EXTRACTED INFORMATION -
-=-=-=-=-
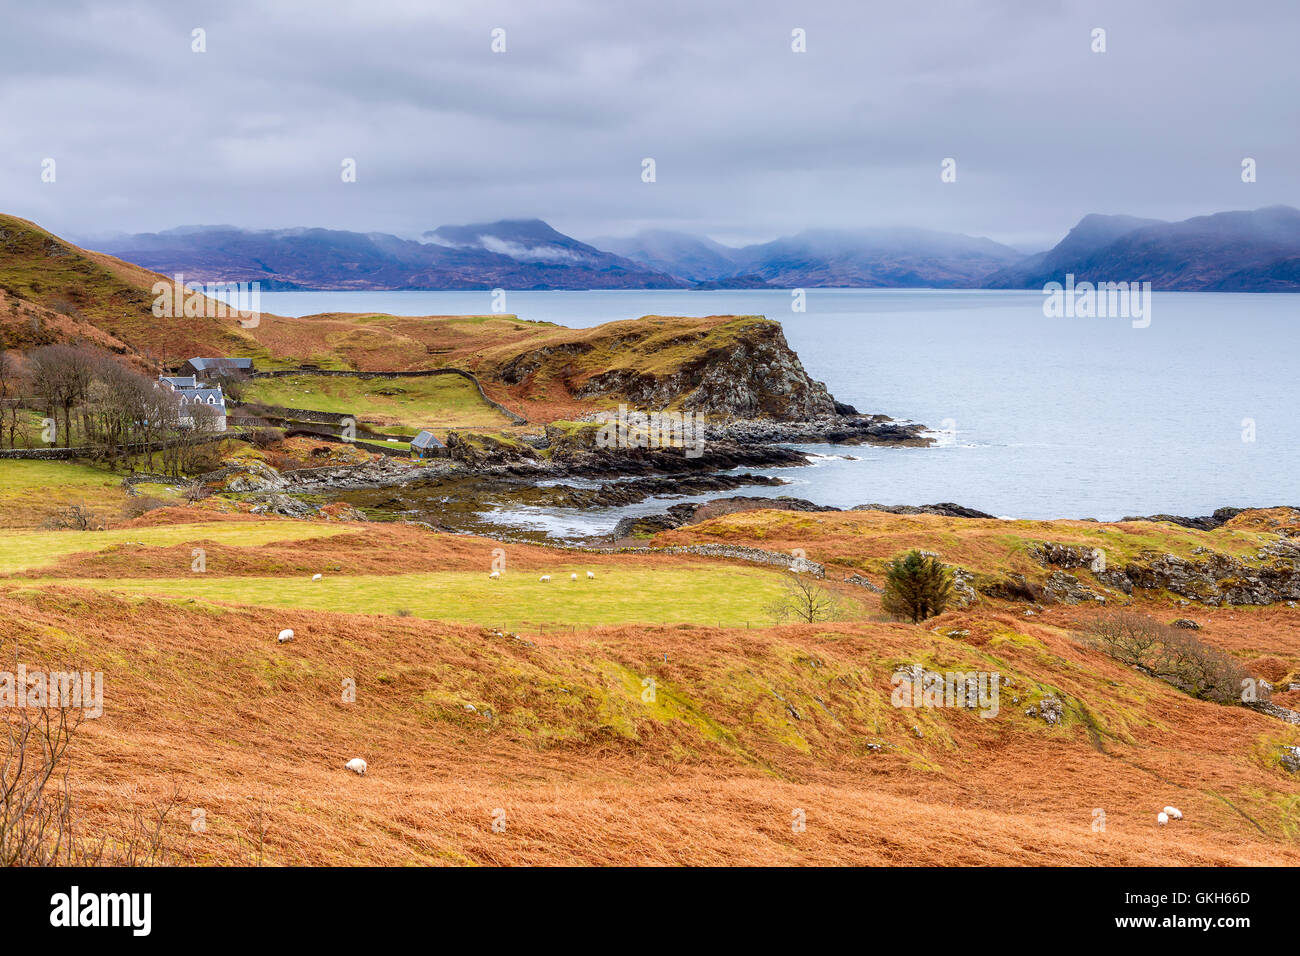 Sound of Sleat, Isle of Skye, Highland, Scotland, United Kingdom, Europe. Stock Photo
-=-=-=-=-
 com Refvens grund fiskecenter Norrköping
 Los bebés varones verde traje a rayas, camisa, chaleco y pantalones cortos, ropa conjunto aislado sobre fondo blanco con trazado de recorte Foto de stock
-=-=-=-=-
YOUR ASSIGNMENT - Copy out, exactly and alone, the lines of the entries above between the ones holding "com Refvens grund fiskecenter Norrköping" and "Los bebés varones", inclusive.

REPLY TO THE EXERCISE -
 com Refvens grund fiskecenter Norrköping
 Los bebés varones verde traje a rayas, camisa, chaleco y pantalones cortos, ropa conjunto aislado sobre fondo blanco con trazado de recorte Foto de stock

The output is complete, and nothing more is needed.